Like virtually all members of the Accounting Establishment who have risen to the top of its ranks, Mr. Schnurr has developed an ability to tune out inconvenient feedback from investors. As Damon Silvers, associate general counsel for the AFL-CIO, said at the IAC meeting, “more disclosure is better than less in general.” I say that if investors are to get fewer disclosures, they should get better ones in return: like comprehensive detailed reconciliations of balance sheet captions.
The fact that [the FASB is] saying it is a legal concept – it is actually consistent with the way it’s applied today.
The reactions of the IAC members strongly suggest that they perceive these proposals as threatening to lower the overall quality of disclosures. As I explained in my previous post on this topic, this is the first time the FASB has ever attempted to make a real distinction between the concepts of relevance and materiality. If any clarification were appropriate it should have been to inform practice that materiality determinations are to be made with the goal of producing a fair presentation. It is not merely a legal exercise.

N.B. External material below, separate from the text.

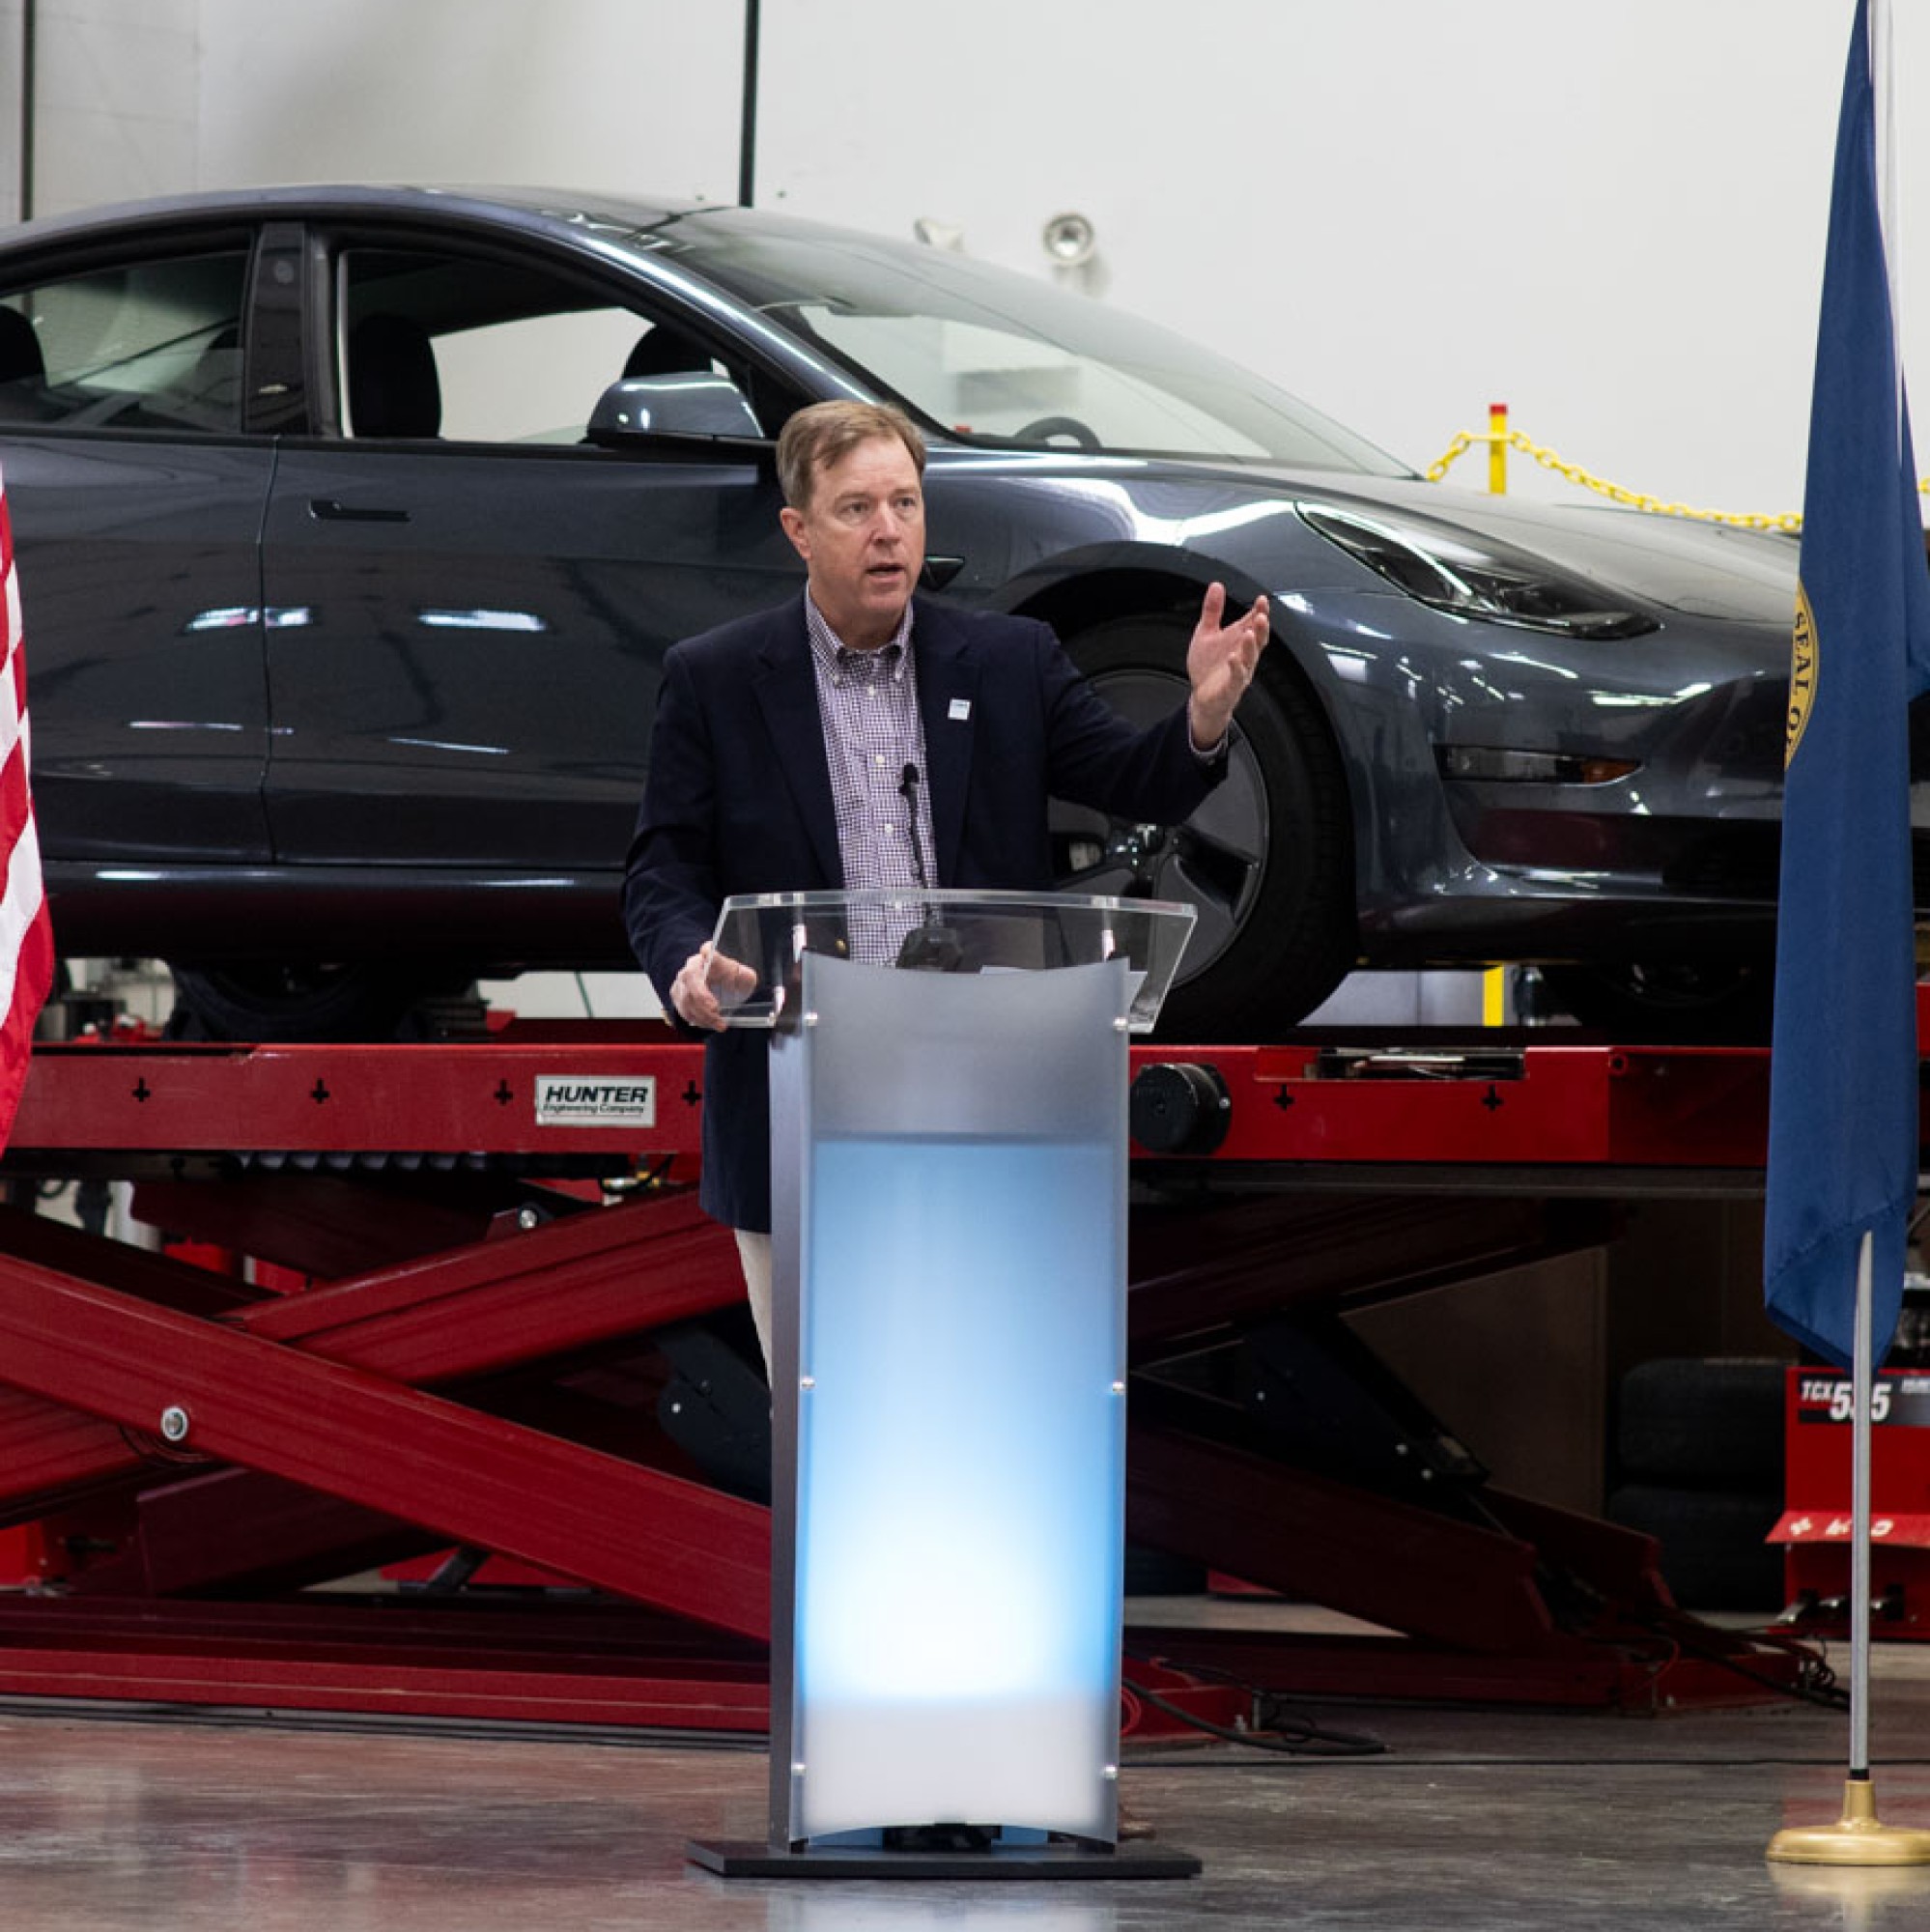 The College president speaks from a podium in front of a newly delivered Tesla electric vehicle.
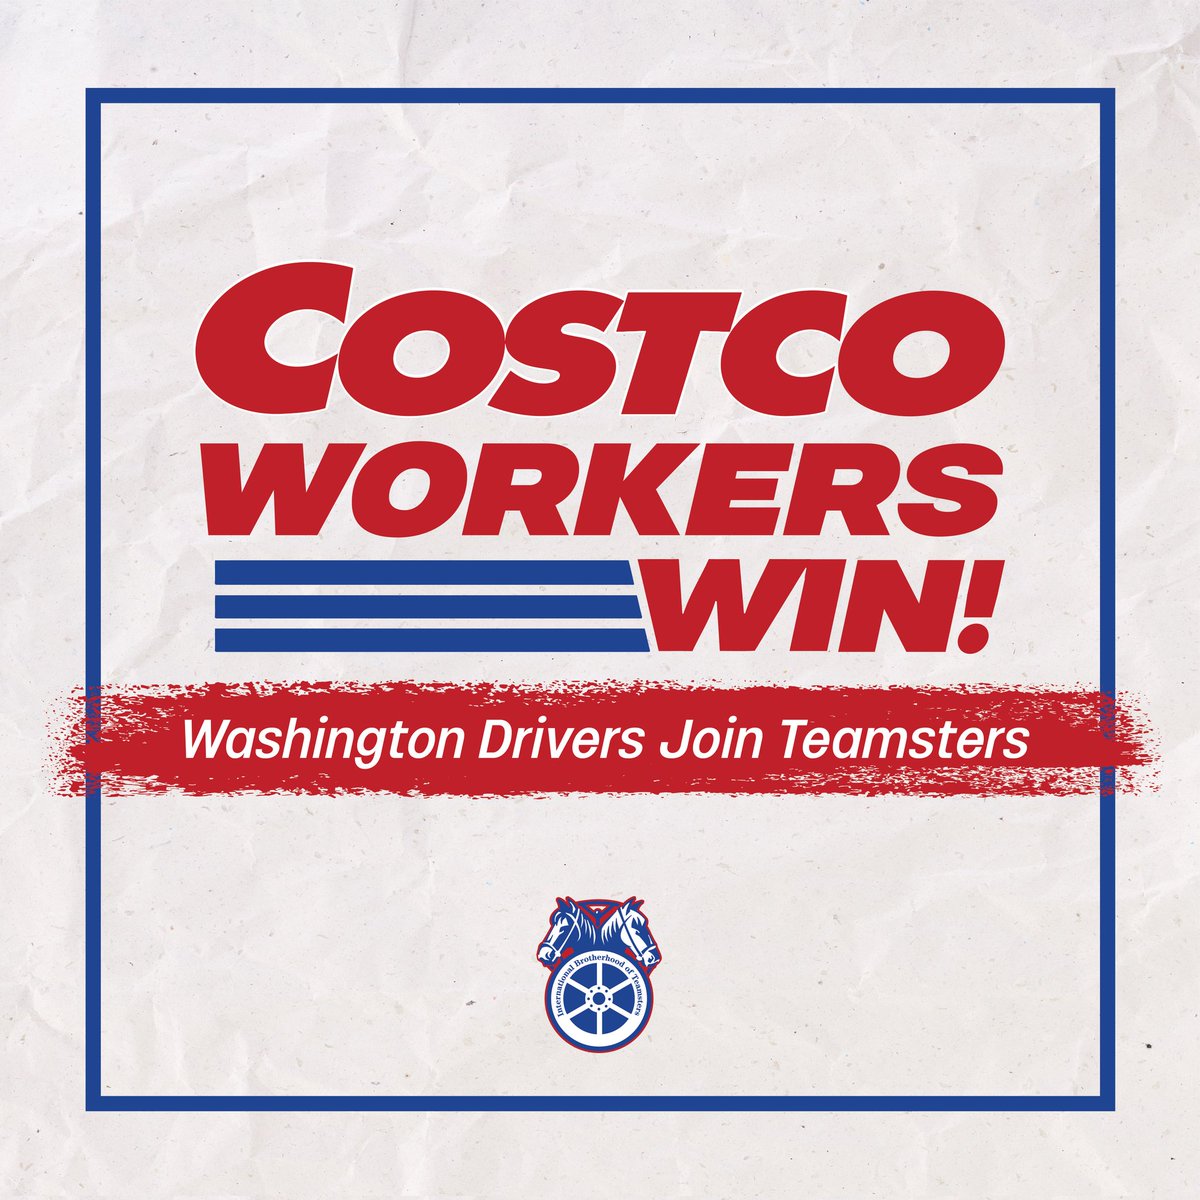 💥More than 150 Costco drivers in Sumner, Washington voted overwhelmingly yesterday to join #Teamsters Local 174, becoming the first-ever group of workers at a @Costco Distribution Center to organize with the Teamsters. They are seeking strong representation to address years of

“I can tell you from my own 40 years of experience in the profession, the attorneys are not involved in any significant way in the determination of whether something is material.”
Mr. Schnurr would have us believe that if materiality were officially reduced to a legal exercise, preparers and auditors would not rely on lawyers for making materiality determinations.
Gimme a break.
*I am a member of the PCAOB Standing Advisory Group. The opinions expressed in this post are my own.